These novels about contemporary southern Africa aren’t much concerned with politics, but they do a lot of thinking about post/colonial binaries. At the centre of both novels is an individual wrestling with the tensions between rural, communal African traditions and urban, individualistic, Western/globalized modernity. The novels prefer to examine not the political but the psychological side of these divisions, finding the most crucial dividing line not between village and city, or Africa and the West, but between distinct parts of one troubled individual—the first-person narrator. In both novels a reconciliation is found that restores hope and integrity. As Kabelo, the protagonist in Such a Lonely, Lovely Road, acknowledges at the novel’s resolution, “all parts of a person’s life need to come together and make sense for one to feel grounded.”
Such a Lonely, Lovely Road traces a hopeful narrative of the first thirty years of Kabelo’s life because it shows a slow and steady progress towards that coming together. As he reviews his childhood in a Setswana-speaking township through adult eyes, he sees that it was dominated by the desire to satisfy his parents, which mostly meant repressing his gay sexuality and steering towards a medical career. The novel is great at capturing how the forces of family and communal expectations converge agonizingly in the heart of an outwardly successful and unimpeachable youth.

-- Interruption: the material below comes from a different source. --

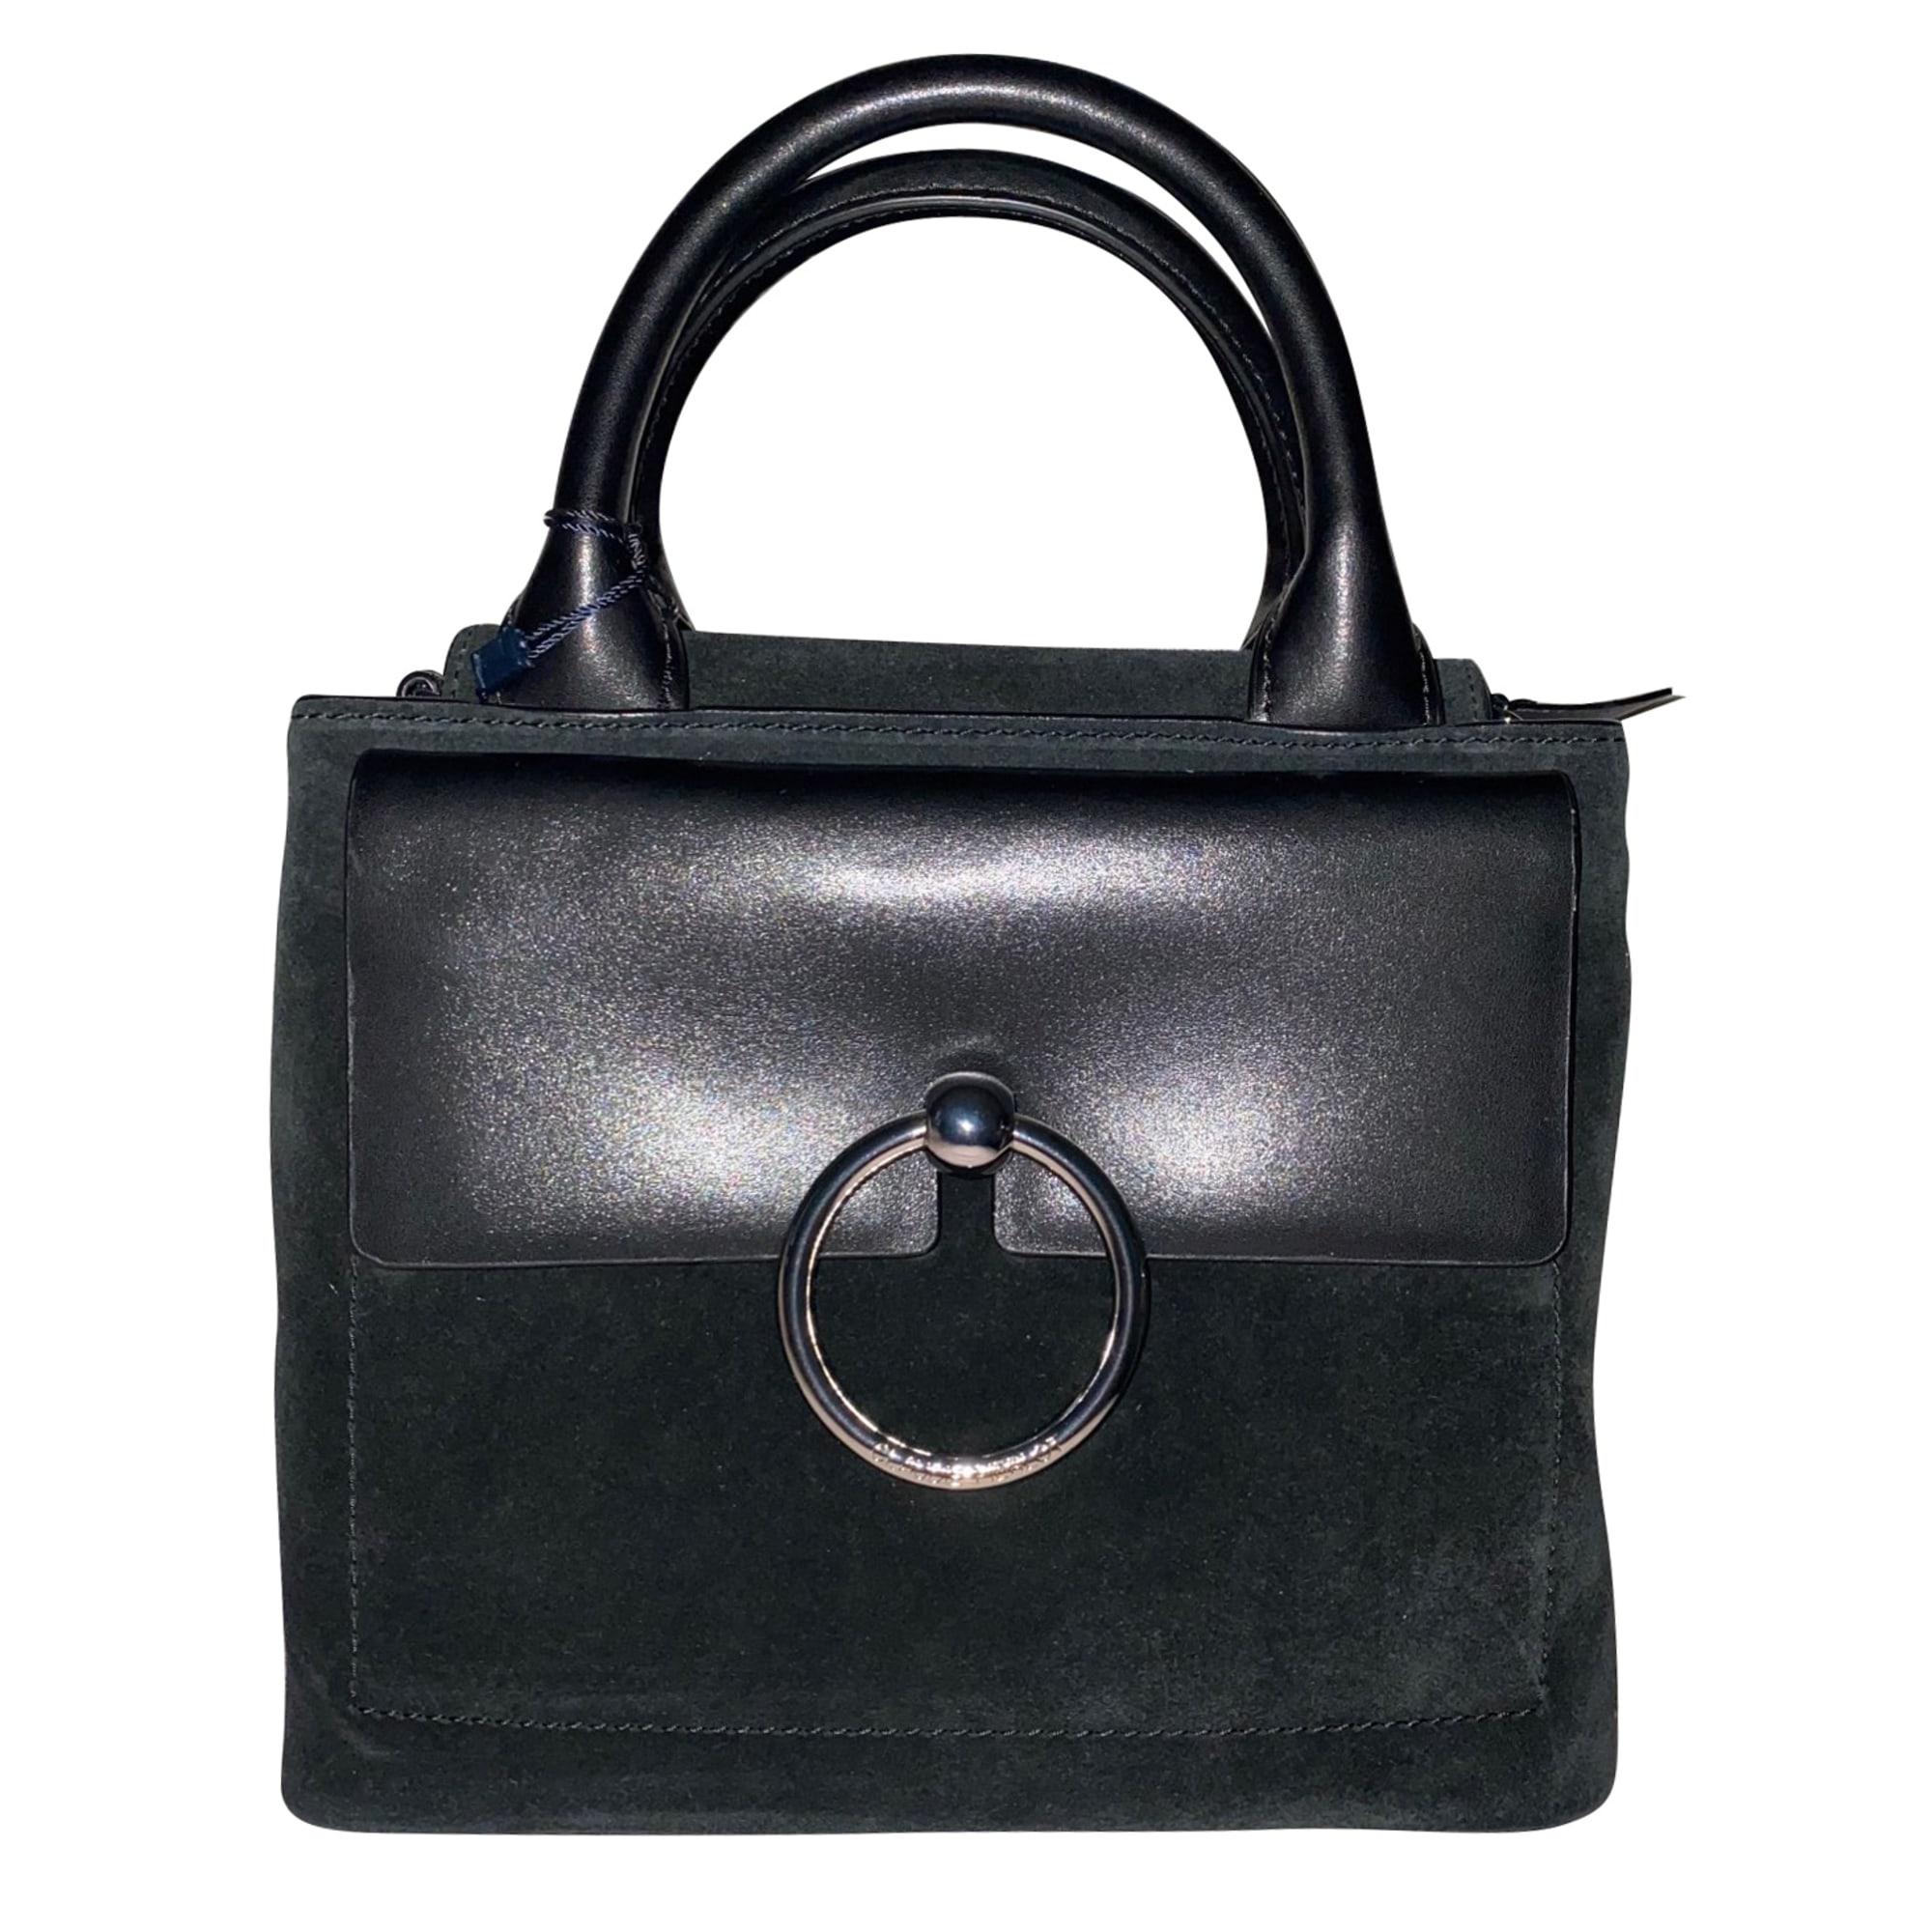 Leather Shoulder Bag CLAUDIE PIERLOT Black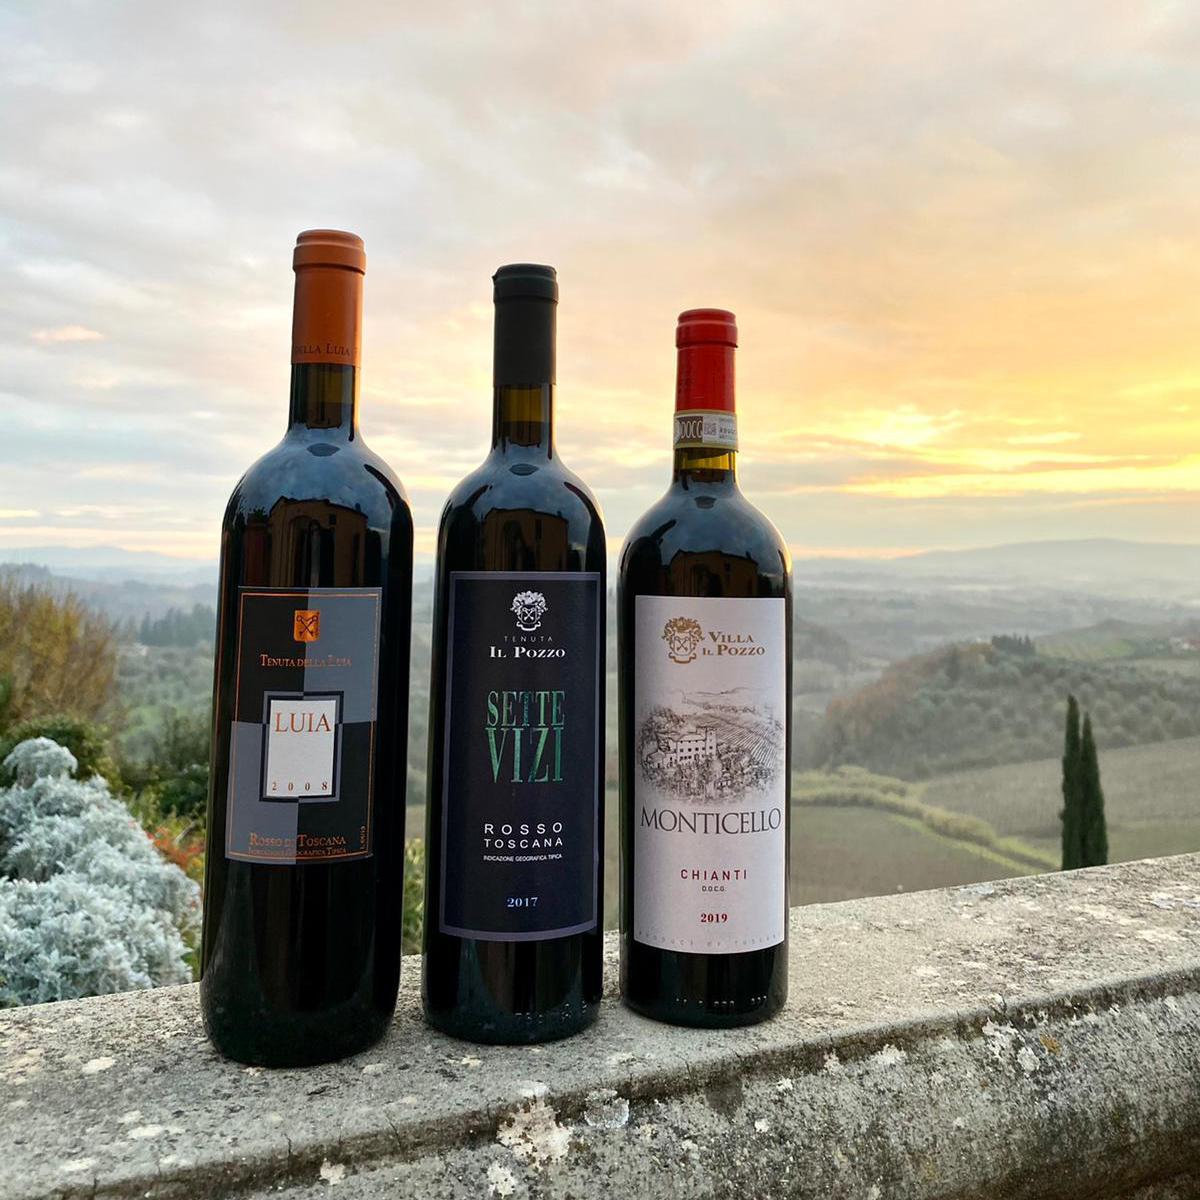 Degustazione-vini-toscani-villa-il-pozzo

Whereas heading off to Cape Town for medical school seemed to promise Kabelo freedom, and whereas it did indeed give him plenty of opportunity for sexual experimentation, his secluded, studious self, his racially and sexually uninhibited partying self, and his pleasing-the-home-community self didn’t begin to converge. (The novel shows with great clarity how being gay, even in notionally post-Apartheid South Africa, was in many ways more difficult for Black than for white South Africans.) Exhausted by inner divergences, he transfers to Durban. The new start doesn’t look promising until he runs into a childhood friend, Sediba, who has always been the object of his longing and therefore the trigger for his inner torment. Kagiso Lesego Molope’s novel hopefully, but perhaps also unrealistically, suggests that love, though it might require taking great risks, can bring convergence to an individual and for that very reason is the best thing for the society in which the individual is located.
My Totem Came Calling, by Blessing Musariri and Thorsten Nesch, is a lighthearted young-adult novel that adolescent Canadian readers would probably have an easy time relating to. Through the mental-health journey of its teenaged protagonist, Chanda, the novel deconstructs common assumptions about urban modernity’s superior understanding of health and superior opportunities for living a full life. Repeated hallucinations of a zebra send the desperate Chanda, with three male friends, on a bumpy road trip towards her father’s ancestral village, which is almost as foreign to Chanda as it would be to an average Canadian reader. She reflects: “[t]wenty-four hours ago, I was back home lying on my bed, watching Netflix on a plasma screen in the middle of Harare.” Now, feet rubbed raw by the elasticated pumps that she should never have worn, stomach turned inside out by the mopane worm her cousins served her, she gives her verdict: “this whole scene is just not working for me.” Though she and her tradition-contemptuous parents could never have known it, Chanda’s zebra visions are completely explicable. They aren’t symptoms of psychiatric illness but a merciful reminder of who she is: an inescapably Shona woman whose totem, affirmed at birth, is the zebra. The visions called her towards inner integration. The alluring, globalized city actually impeded that integration whereas the village—where Chanda’s apparently “traditional” relatives are in fact proficient with mobile technology and with high-tech sustainable irrigation technologies—catalyzes it.